Closed Amene-Gafsi closed 5 months ago

Amene-Gafsi commented 5 months ago

This system integrates real-time tracking of both a ball and paddles using the OpenCV library and Python. It employs a color-based tracking method to simultaneously detect and track the largest green-colored circle (representing the ball) and the largest red-colored rectangle (representing the paddles) in video frames. Coordinates for both the ball and paddles are stored and updated continuously.

Algorithm Overview:

  1. Video Capture: Captures video frames from a webcam or video file, defaulting to the webcam if no video path is provided.
  2. Frame Processing: Each frame is resized, blurred, and converted to the HSV color space to standardize input and reduce noise, enhancing the detection of significant objects.
  3. Color Segmentation: Two separate masks are created to isolate green and red hues, which represent the ball and paddles, respectively.
  4. Morphological Operations: Both masks undergo erosion and dilation to clean the image and improve visibility of the tracked objects.
  5. Contour Detection: Contours are extracted from both masks. For the ball, the minimum enclosing circle is computed, and for the paddles, the bounding rectangle method is used to determine dimensions and center.
  6. Data Storage: The centers of the ball and paddles are recorded using deques, which allow for efficient data insertion and retrieval, essential for real-time tracking. To distinguish between the two paddles, an if condition checks if the x-coordinate of the rectangle is in the left part of the frame; if so, it is identified as paddle1, otherwise as paddle2.

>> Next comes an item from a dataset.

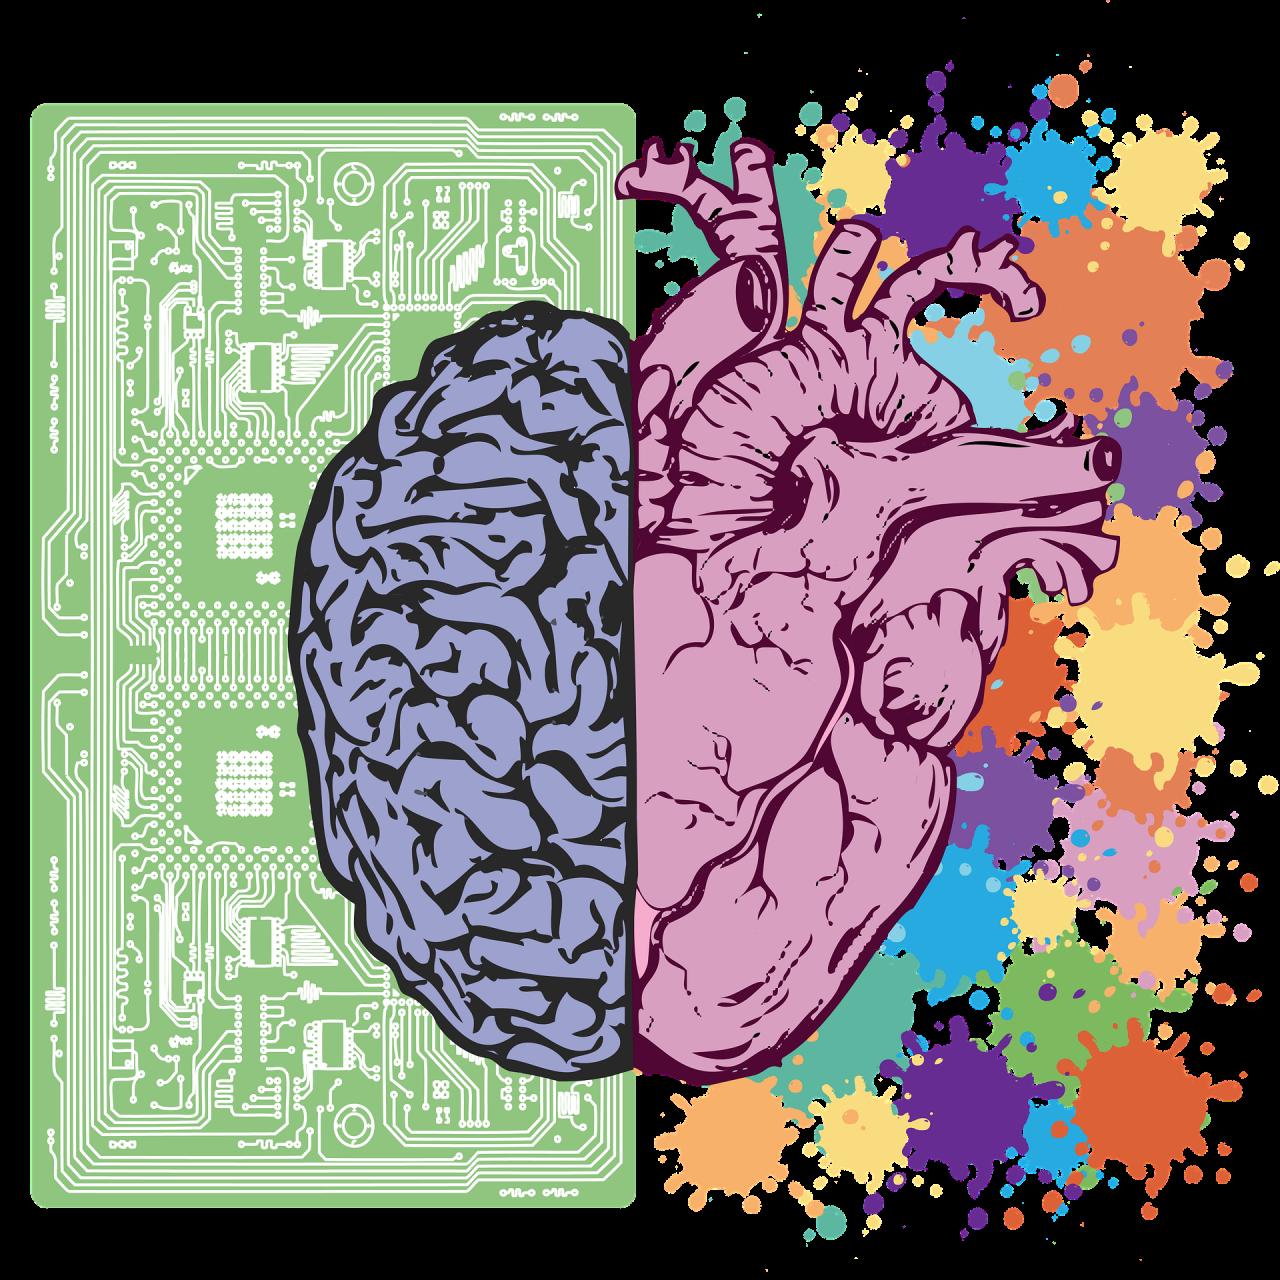 brain-3017071_1920-1280x1280.png

Adaptability to Real-World Conditions: The algorithm can be easily adapted for different gaming setups by adjusting parameters : object size and color range.

Code

from collections import deque
from imutils.video import VideoStream
import numpy as np
import argparse
import cv2
import imutils
import time

ap = argparse.ArgumentParser()
ap.add_argument("-v", "--video", help="path to the (optional) video file")
ap.add_argument("-b", "--buffer", type=int, default=64, help="max buffer size")
args = vars(ap.parse_args())

greenLower = (29, 86, 6)
greenUpper = (64, 255, 255)
redLower = (0, 120, 70)
redUpper = (10, 255, 255)

paddle_width_lower = 100
ball_radius_lower = 10
board_center = 300

ball_pts = deque(maxlen=args["buffer"])
paddle1_pts = deque(maxlen=args["buffer"])
paddle2_pts = deque(maxlen=args["buffer"])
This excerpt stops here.